_Work to complete_.
The answer must restate the listing word for word, without its images.

_Data extract_.
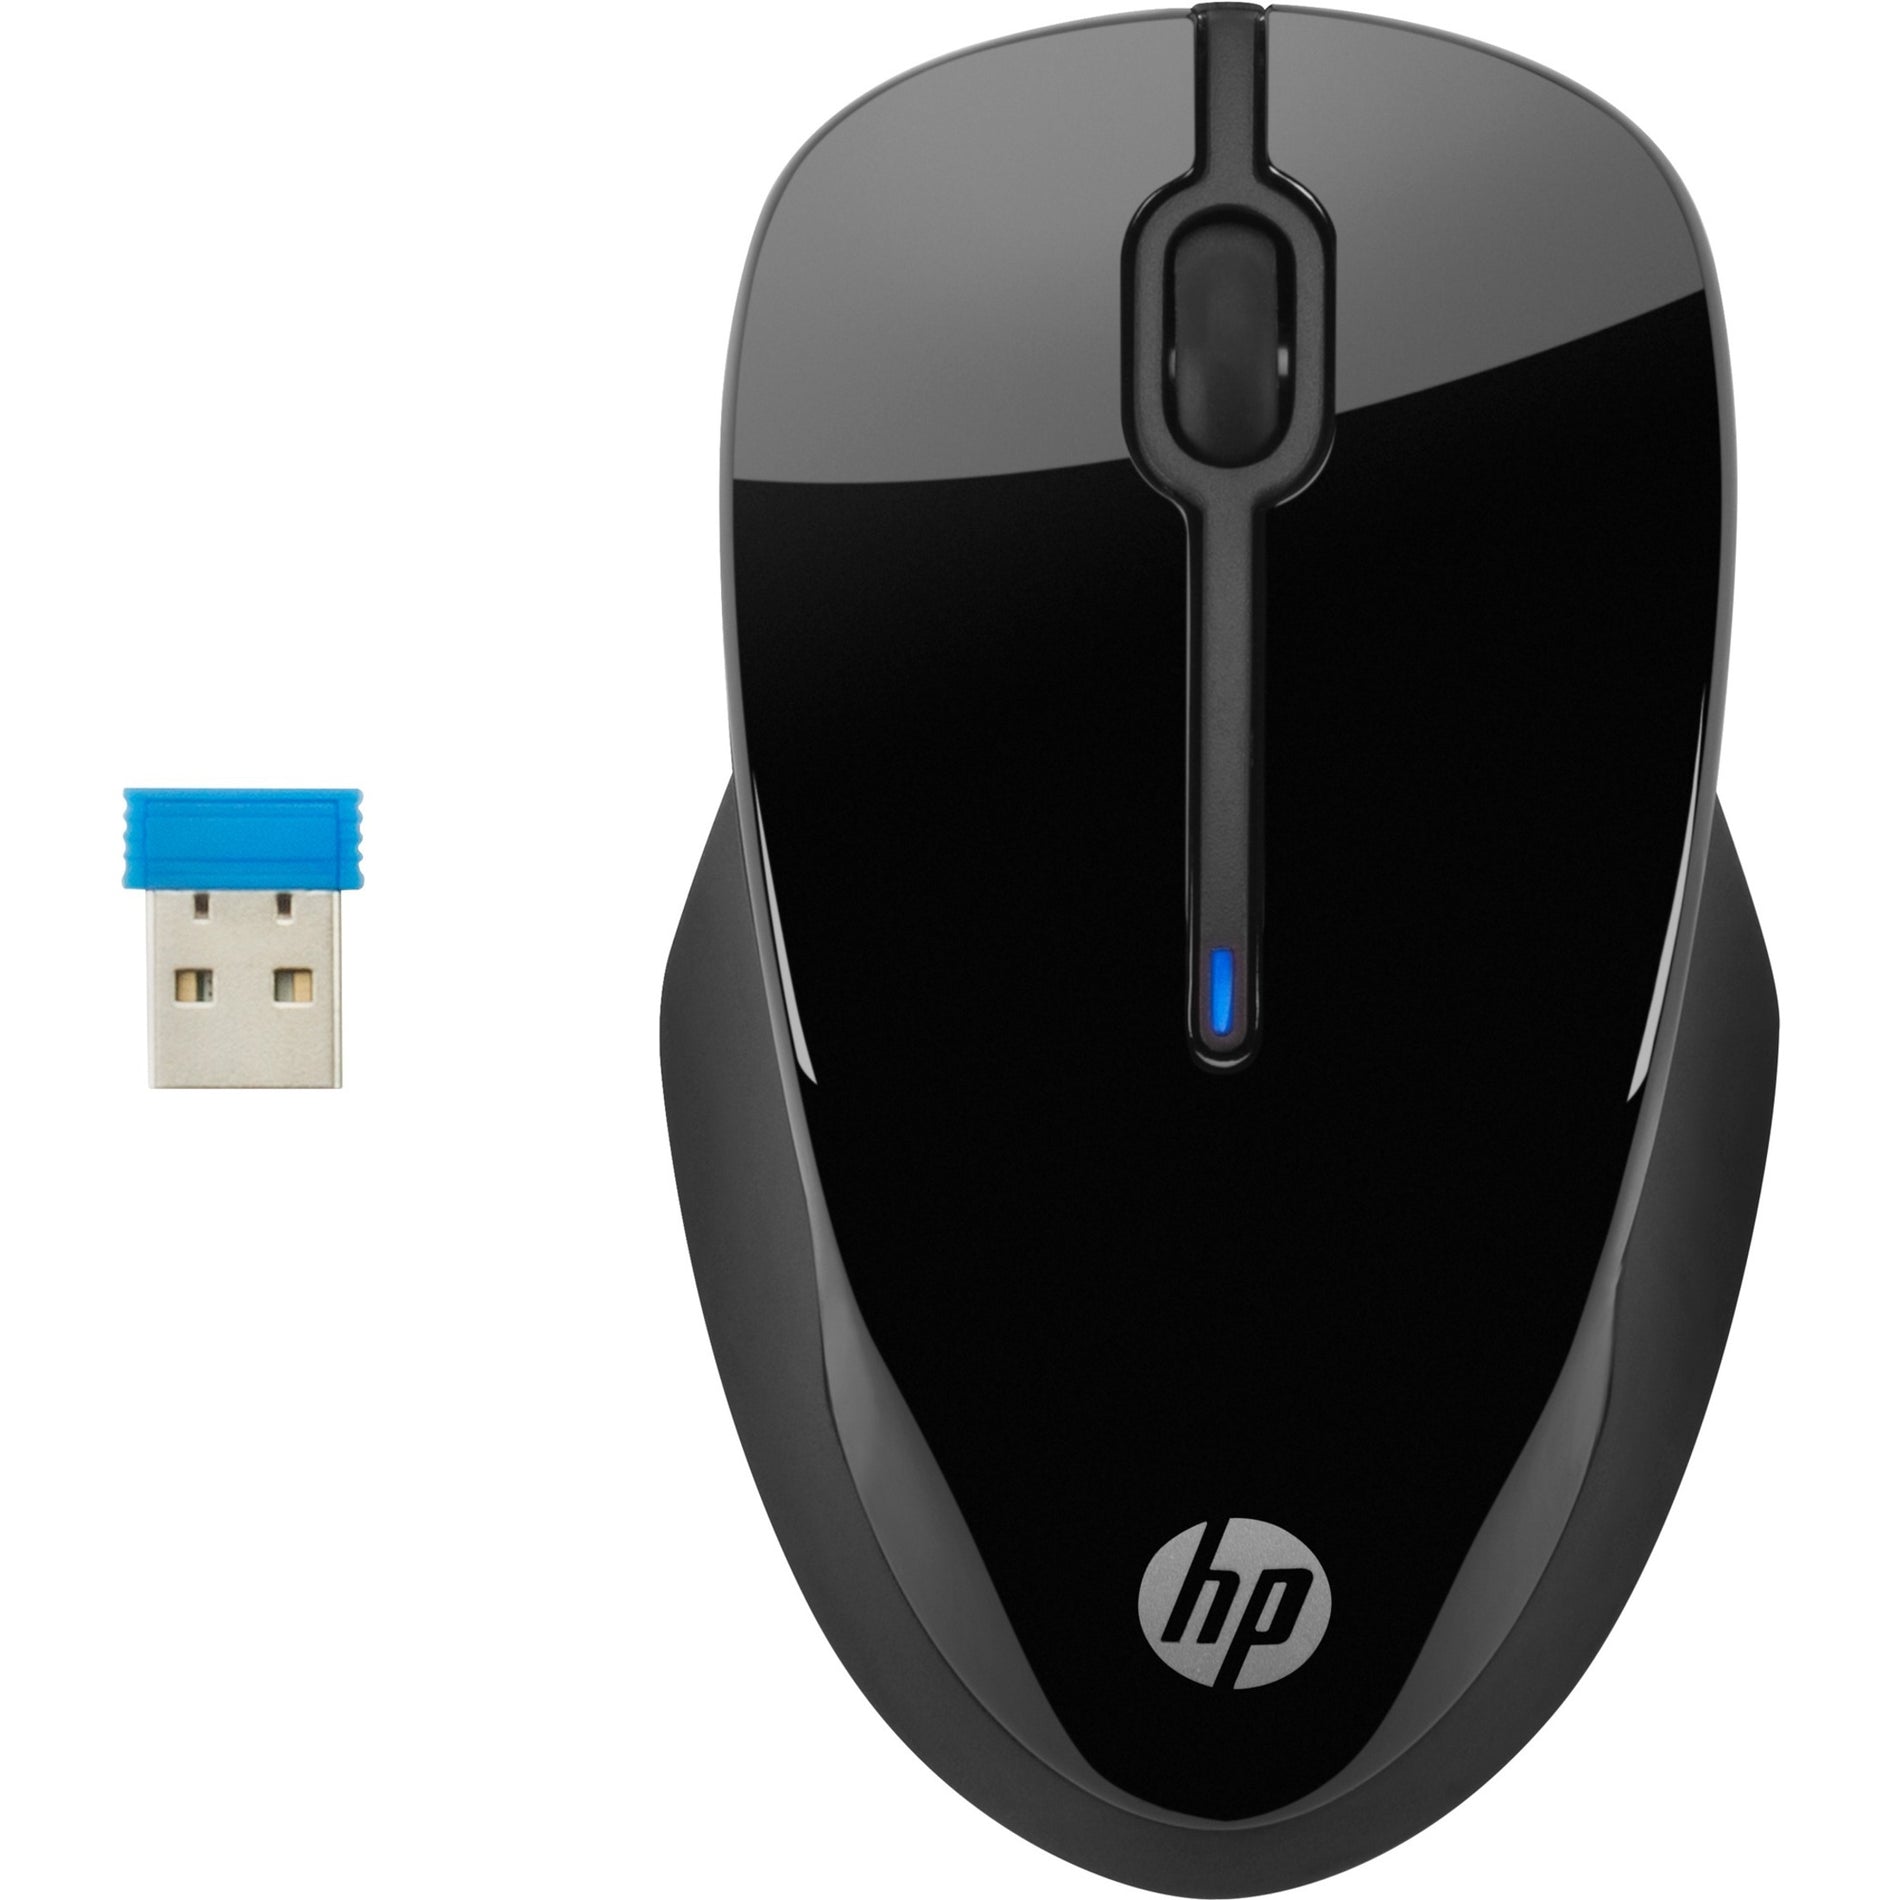 HP X3000 G2 Mouse, Wireless Optical, USB Type A, Black
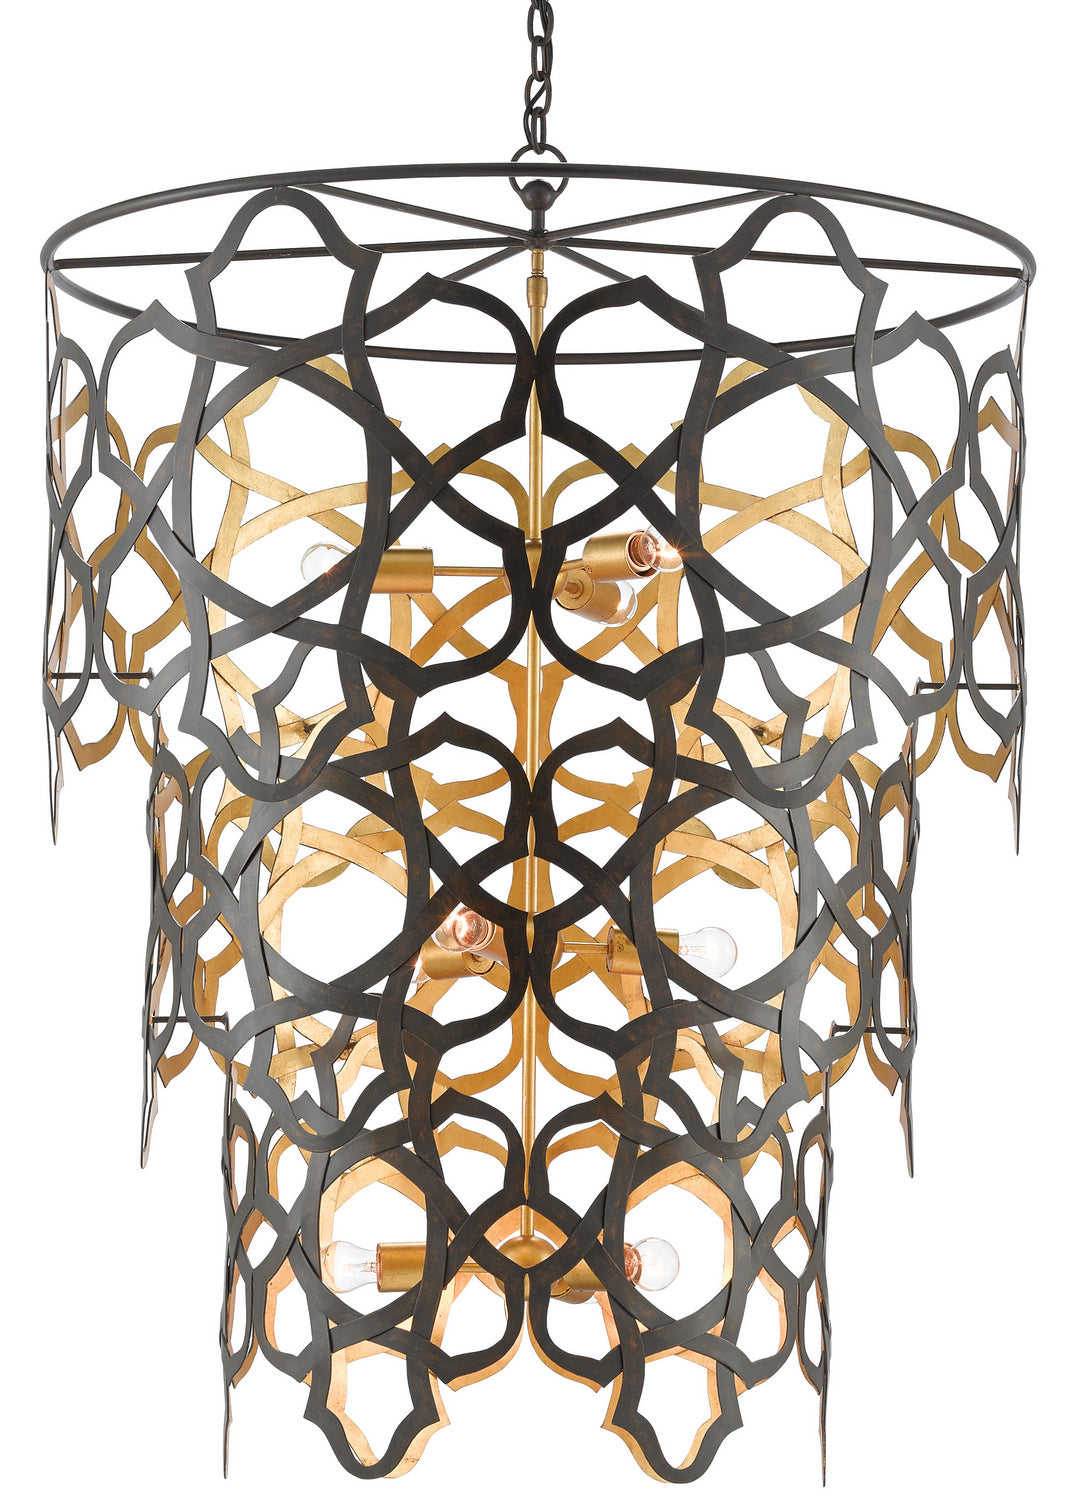 Nine Light Chandelier from the Mauresque collection in Bronze Gold/Contemporary Gold Leaf finish
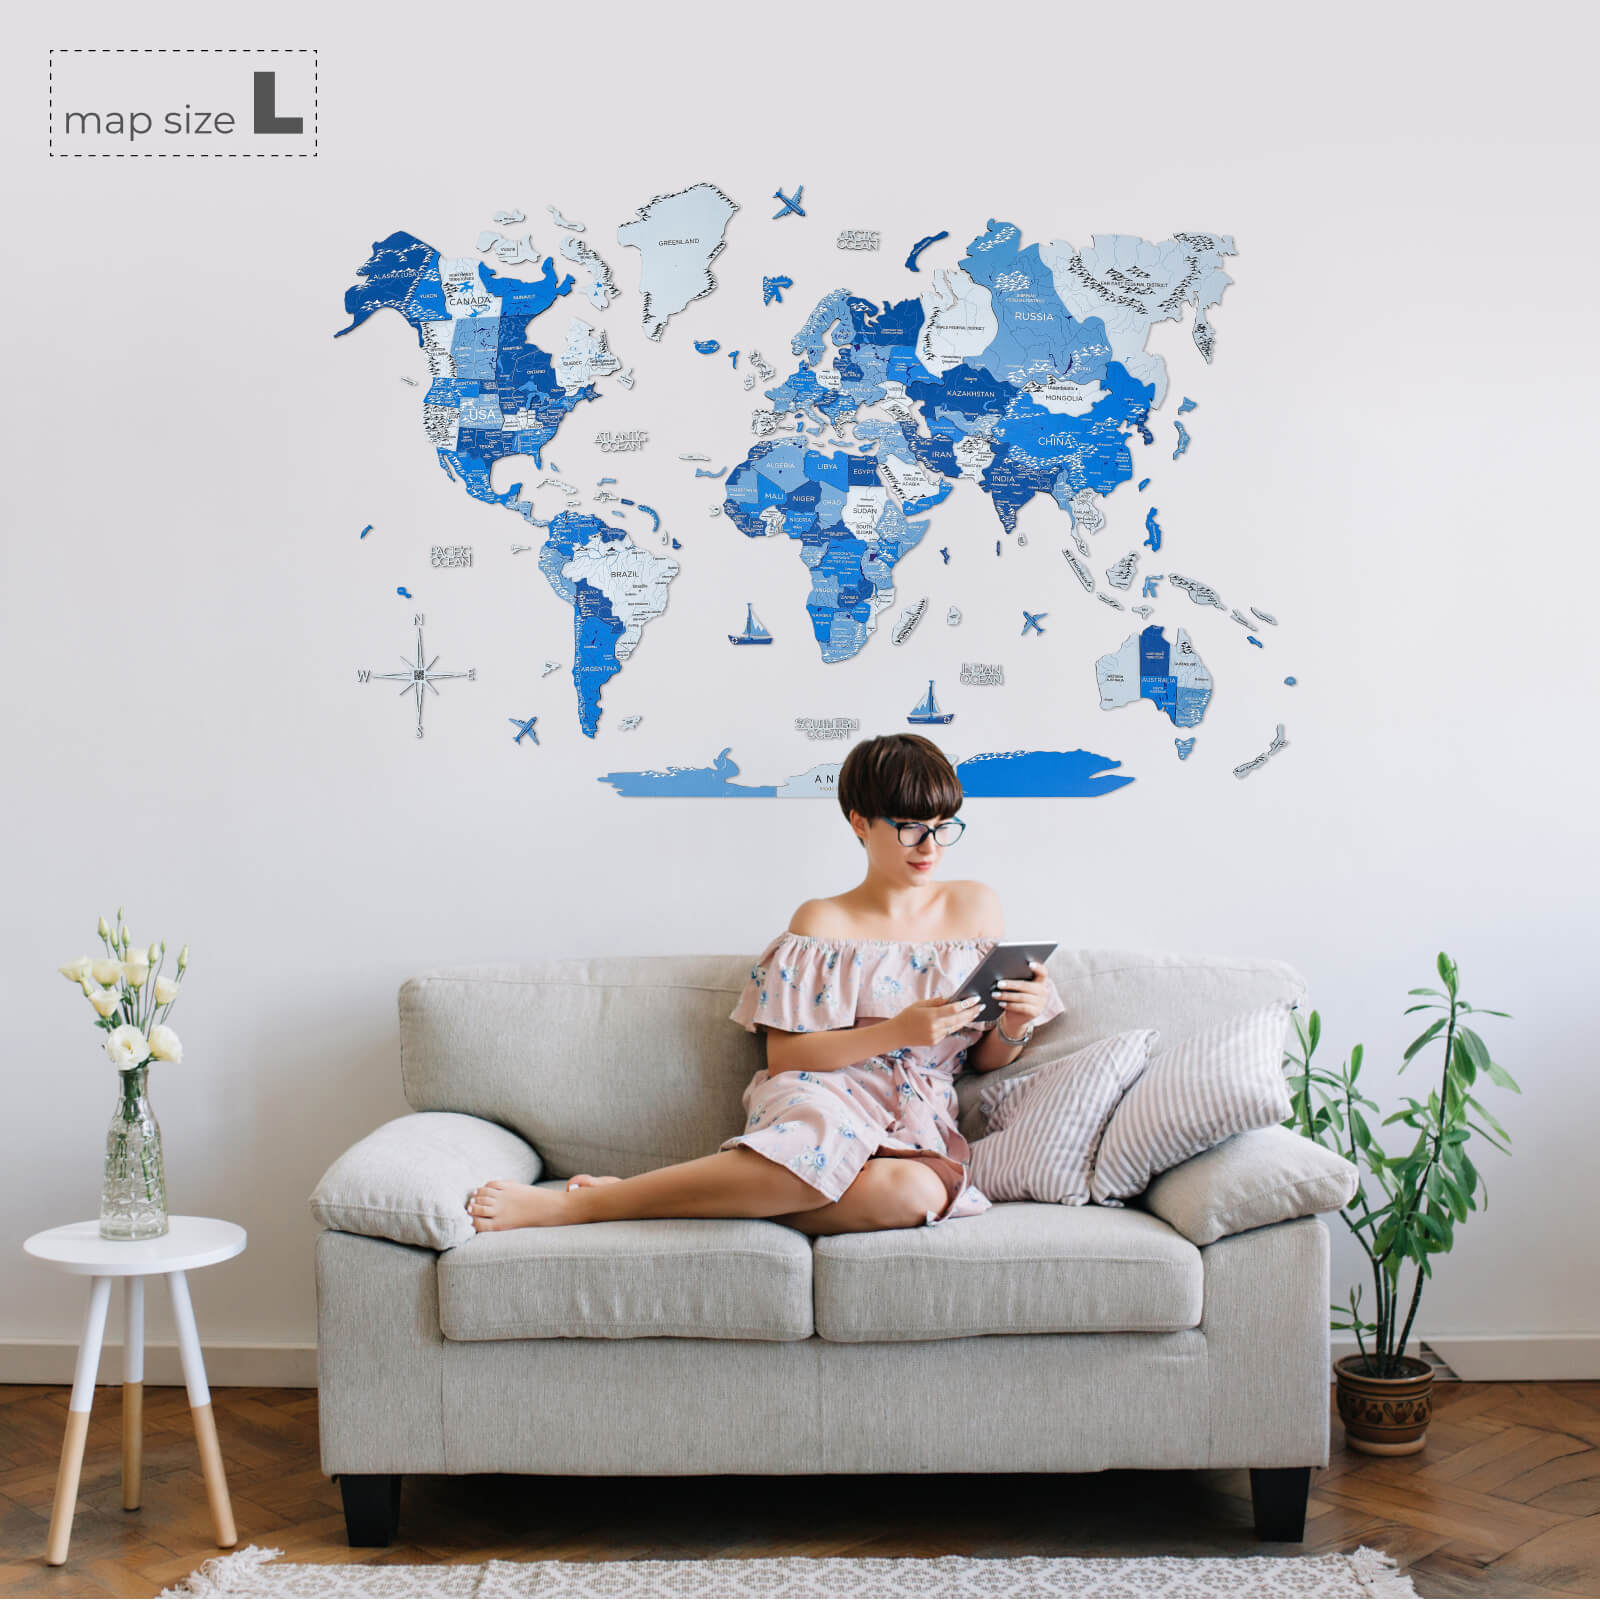 Wall Stickers, Wall Sticker for Living Room -Bedroom - Office - Home Hall  Decor

_Written solution_.
 HP X3000 G2 Mouse, Wireless Optical, USB Type A, Black
 Nine Light Chandelier from the Mauresque collection in Bronze Gold/Contemporary Gold Leaf finish
 Wall Stickers, Wall Sticker for Living Room -Bedroom - Office - Home Hall  Decor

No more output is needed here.